SABR as a treatment for early metastatic prostate cancer: towards control and management

By Dr Dan Ford, consultant oncologist, BPC
When I speak to patients about early metastatic prostate cancer, I often describe it as being like a chronic disease. This is helpful because people understand a chronic disease (for example, diabetes and arthritis) will rarely be cured but can be managed and controlled, to a large extent. Chronic disease is a less frightening concept for the patient than what traditionally comes to mind with metastatic cancer. And for men with early metastatic (oligometastatic) cancer, it is a more accurate concept: our ability to manage and control early metastatic disease is rapidly improving.

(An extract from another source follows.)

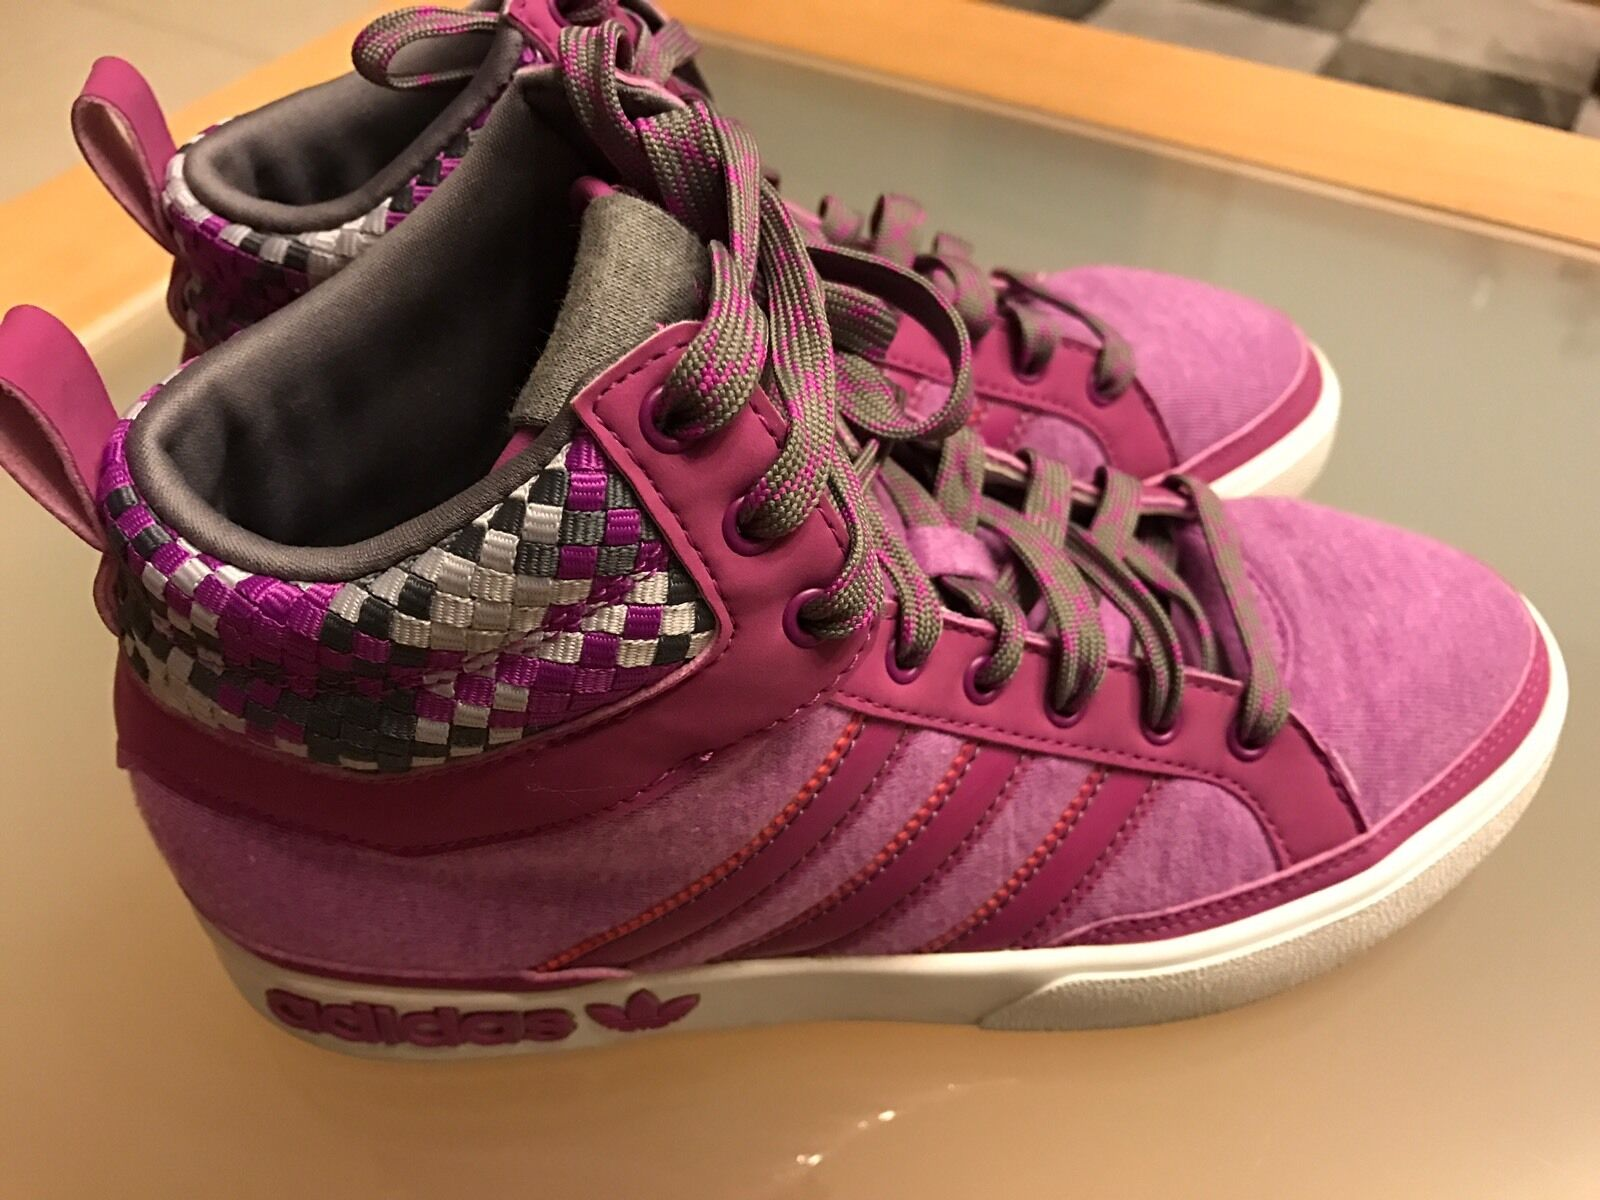 Adidas Top Schuhe Court High W-Friendship Athletic Schuhe Top Pink Größe 37 / UK 6 dc18f3

For the past two years, I’ve been involved in developing SABR (stereotactic ablative body radiation) for patients including those with oligometastatic prostate cancer. We are currently gathering data on these patients nationally to better define the potential long term benefits for patients. Generally, these are men who have had primary prostate cancer treatment, but subsequently their PSA is rising, indicating cancer has not been fully cleared. Here, the improvements in PET (Positron Emission Tomography) technology have been game changing. This technology enables us to detect tiny metastases that would often not be visible on traditional imaging. We have two commonly used ‘tracers’ (choline and gallium-68-PSMA) which light up cell changes and allow us to visualise areas of early prostate cancer relapse.

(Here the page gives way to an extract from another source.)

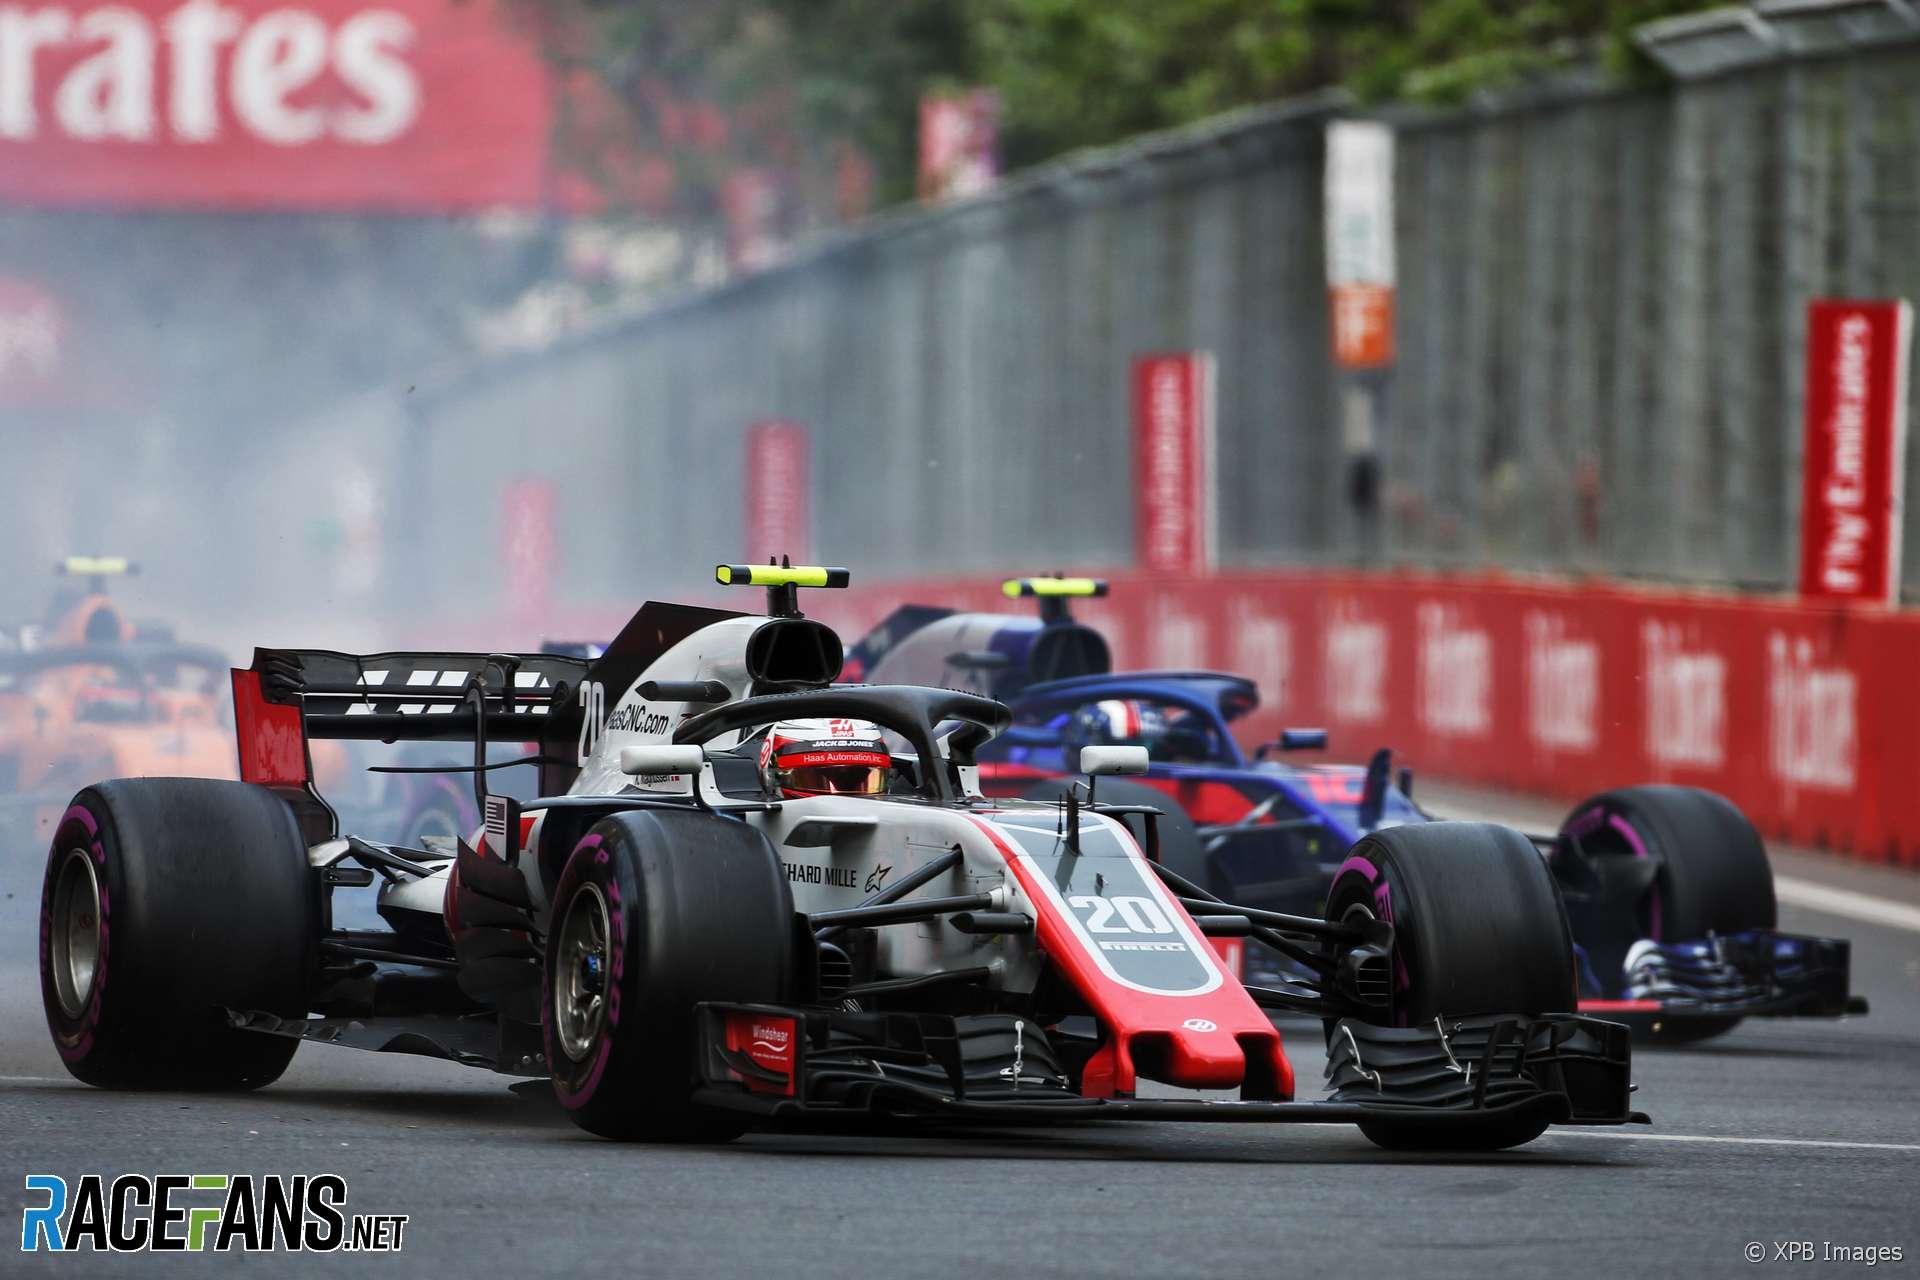 Kevin Magnussen, Haas, Baku City Circuit, 2018

Once we have this new level of information from imaging, we can potentially treat these areas with SABR. It was initially pioneered in treatment of tumours of the brain and early lung cancer. SABR is now being used more widely to other disease sites and tumour types. It uses standard photon radiotherapy but due to developments in treatment delivery techniques allows for a high dose of radiation to be delivered to the area of disease because harm to normal tissue is minimised.

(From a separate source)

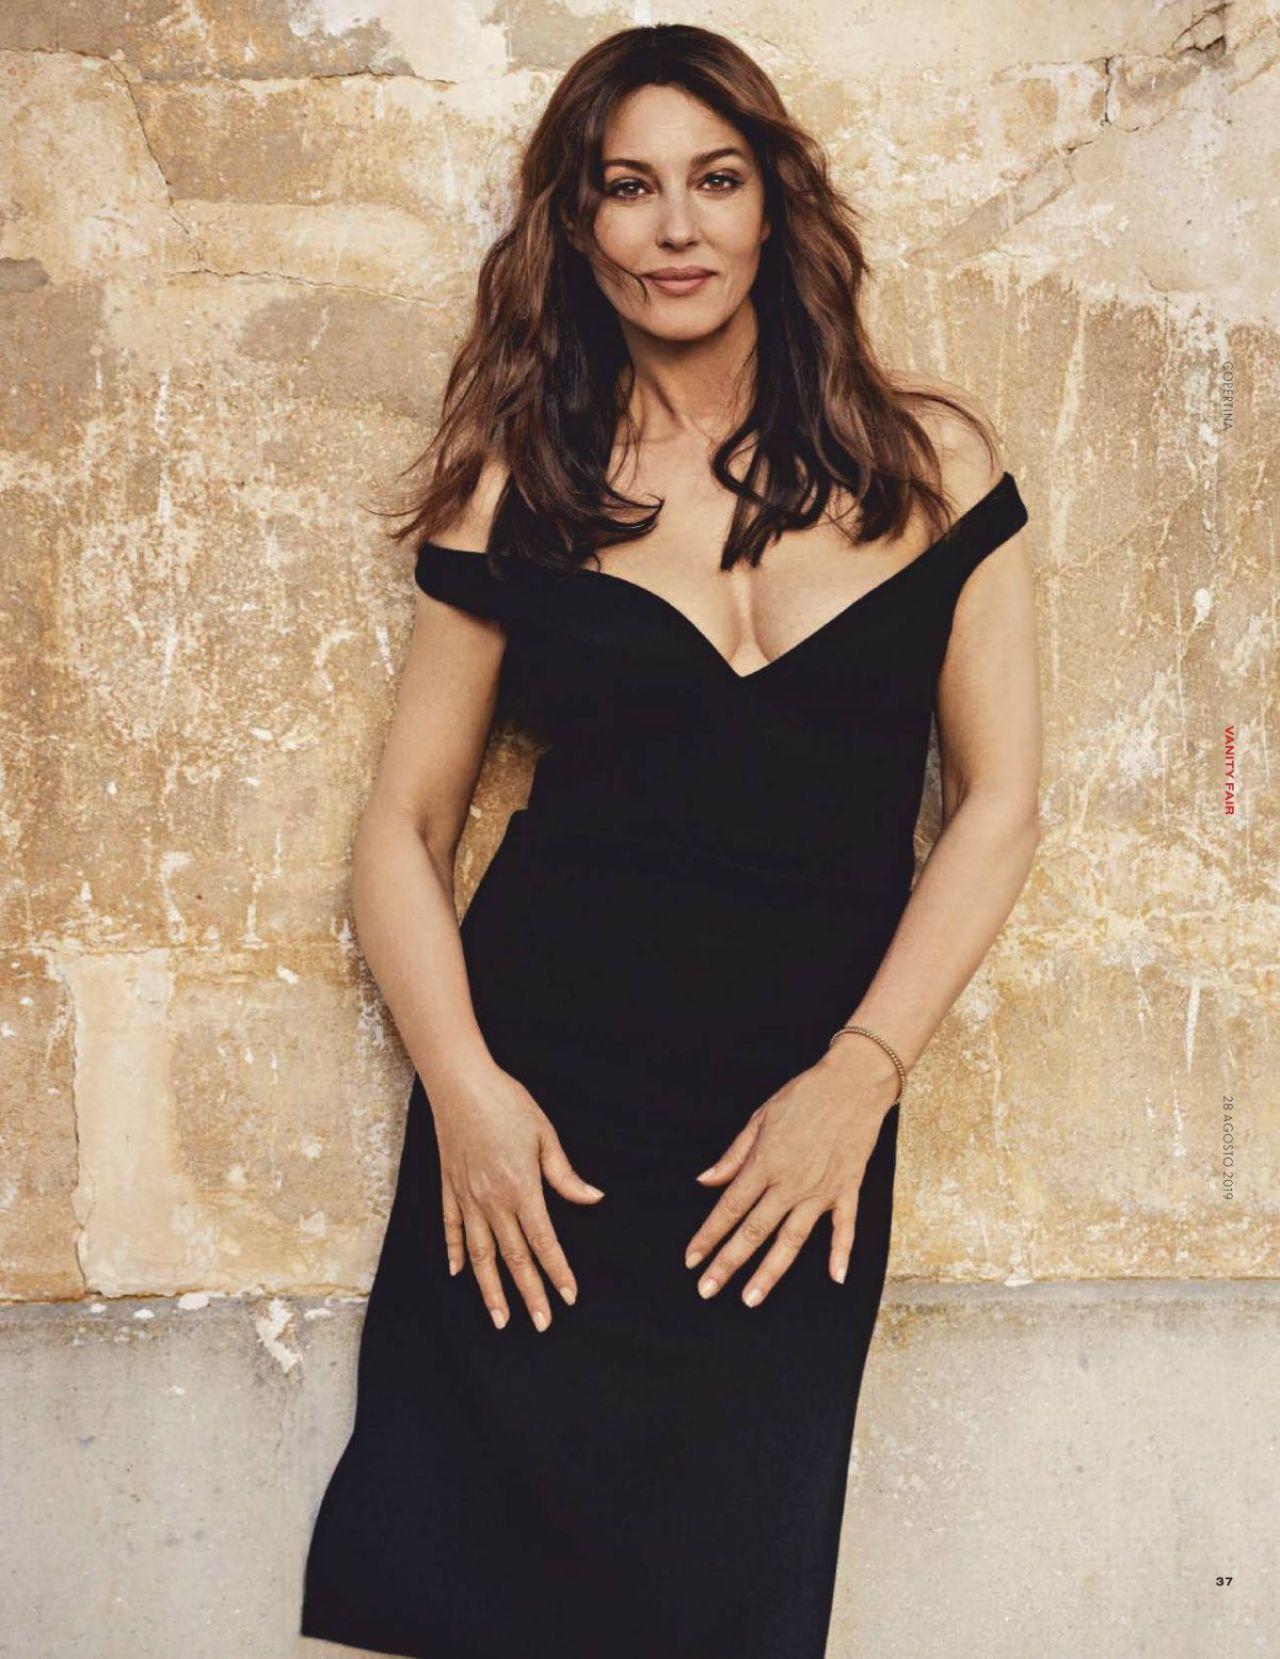 Monica Bellucci, 54 : PrettyOlderWomen

For the man with early metastatic prostate cancer, what does this treatment option offer? Although this is unlikely to be a curative treatment, the aim is to control the disease for a significant amount of time. Importantly, we know this SABR is well tolerated by patients and potentially may be repeated in individuals if further lesions are identified.
Without this new pathway of PET scan and SABR, the standard option for men with metastatic prostate cancer after primary treatment is hormone treatment (lowering the levels of testosterone). We know many men find the side-effects of hormone treatment distressing; opening another control and management window before hormone treatment is very important from a quality of life perspective.
There are currently 17 UK centres commissioned by the NHS to collect data on these novel SABR techniques. The Queen Elizabeth Hospital in Birmingham, my NHS hospital where I am Clinical Service Lead for oncology, has recruited and treated more patients than any other centre as part of this initiative. A number of different cancer types other than prostate cancer have been treated as well as a range of different anatomical locations of disease including lymph nodes, spine, liver and previously irradiated areas.
The results of initiative will tell us more about how best to use this new treatment pathway and understand more precisely which patients will benefit. However, it is already clear that the exciting combination of advancements in PET scanning and the utility of SABR opens a very promising new horizon for the management and control of metastatic prostate cancer.